En 1857 el poemario “Las Flores del Mal” lanzó a la fama al poeta francés Charles Baudelaire y las verdades absolutas cayeron bajo el espíritu de la modernidad. Los poetas “malditos” hicieron danzar juntos a Ángeles y demonios, presagiando el devenir de lo puro y lo turbio en la futura postmodernidad. París se alzó como el centro del individuo creador en desmedro del campo y la agricultura, actividades que se fueron tornando desdeñables y anticuadas. Pese a las censuras, Baudelaire logró insertar el neologismo “spleen” o “esplín” para graficar el hastío, el tedio, el desencanto de un nuevo orden sin sorpresas, donde ni las peores guerras ni los más extravagantes placeres conmovían al nuevo ciudadano culto y racional.
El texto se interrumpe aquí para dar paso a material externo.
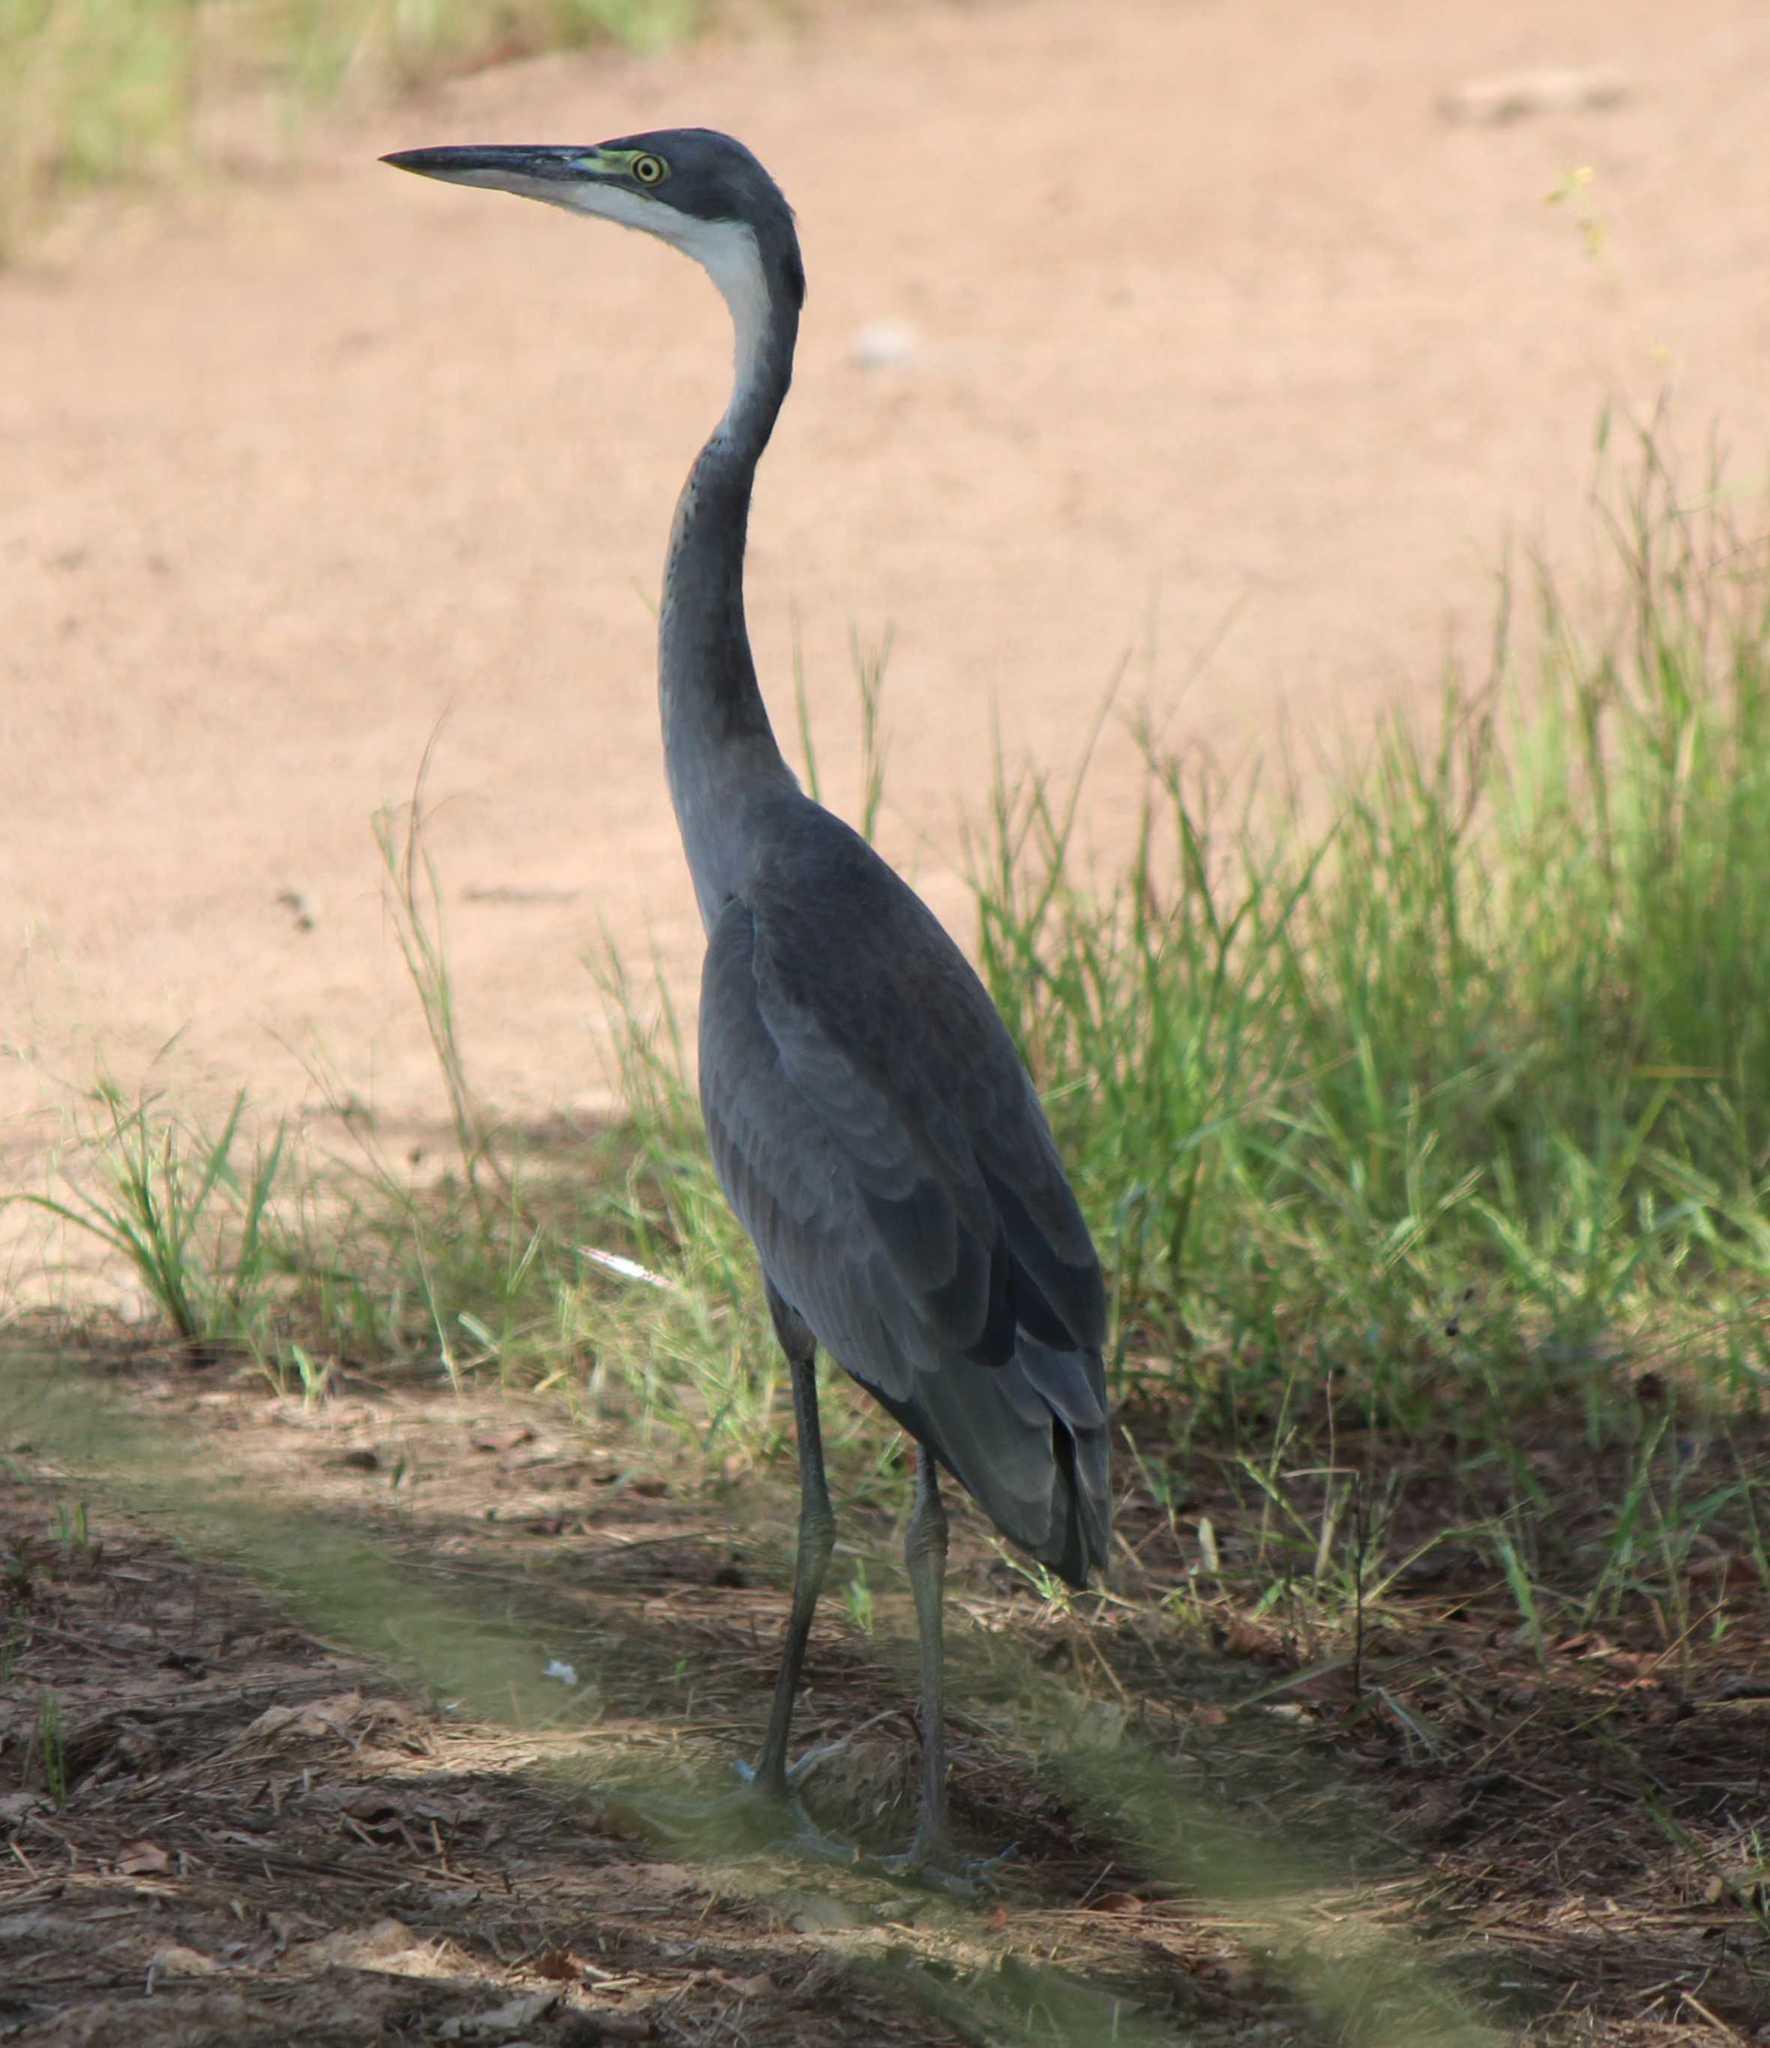 Image of Black-headed Heron

En 1928 el escritor chileno Jenaro Prieto publicó la novela “El Socio”. Aunque el tema gira en torno a un oscuro oficinista, cuyas ideas de negocios solo son escuchadas si apela a un imaginario socio inglés, en las primeras páginas hay una clave sobre el ciudadano y el progreso. Se trata de la súbita muerte de un caballo en plena calle. El caído animal, incapaz de seguir arrastrando un pesado carruaje, refleja el paso del cansino siglo XIX al vertiginoso XX. Es el advenimiento de las fábricas, el humo, los trabajadores sin leyes laborales, los empleados sin apellido ni contactos y la magia colectiva del cinematógrafo como tecnología de la entretención. El caballo dejará atrás el paisaje urbano y rural para ser sustituido por la máquina, entidad valorada como superior a la naturaleza. Y no solo eso, el personaje de la novela al ver al animal yaciente,  reflexionará sobre las falsas ilusiones que las ciudades prometen a sus habitantes. Como buenos hijos del “spleen”, los transeúntes se agruparán frente al espectáculo de la muerte con el mismo interés con el que siguen los crímenes de la floreciente prensa sensacionalista. Poco a poco, se irá instalando la costumbre del breve asombro ante la tragedia, la ira contenida….y el largo olvido, exigidos por las innumerables actividades cotidianas. Sin duda, las sociedades han progresado y con ellas, la información y la recreación, confluidas en una hemorragia incesante a través de los medios de prensa y de las redes de internet. No solo virtudes ha traído la globalización, sino que también los vicios anunciados por Baudelaire: el hastío, el embrutecimiento y el odio.

“Nada hacía presagiar…”

Tal cual Carlos Pinto iniciaba sus capítulos de la serie televisiva  “Mea Culpa”, nada hacía presagiar nubarrones cuando fui invitada a participar a un grupo de conversación y amistad en las redes sociales. La bienvenida fue espectacular. Era el mes de las fiestas patrias, por lo que se armó un carnaval virtual. Improvisamos payas, compartimos fotos, cuecas, tonadas, alguien puso una mesa imaginaria, llegaron empanadas imaginarias, cazuelas, vinos imaginarios y cada uno hizo memoria de inolvidables festejos de su pasado. Aunque nada era palpable, fue una de las mejores fiestas de mi vida. Charles Baudelaire y Jenaro Prieto se habrían infartado al constatar que la futura vida social de los ciudadanos postmodernistas iba a transcurrir en soledad y silencio frente a las pantallas o tablets. Después de algunos meses de gratos debates y de reuniones “cara a cara” organizadas en la casa del dueño de la página, se incorporaron nuevos elementos al grupo.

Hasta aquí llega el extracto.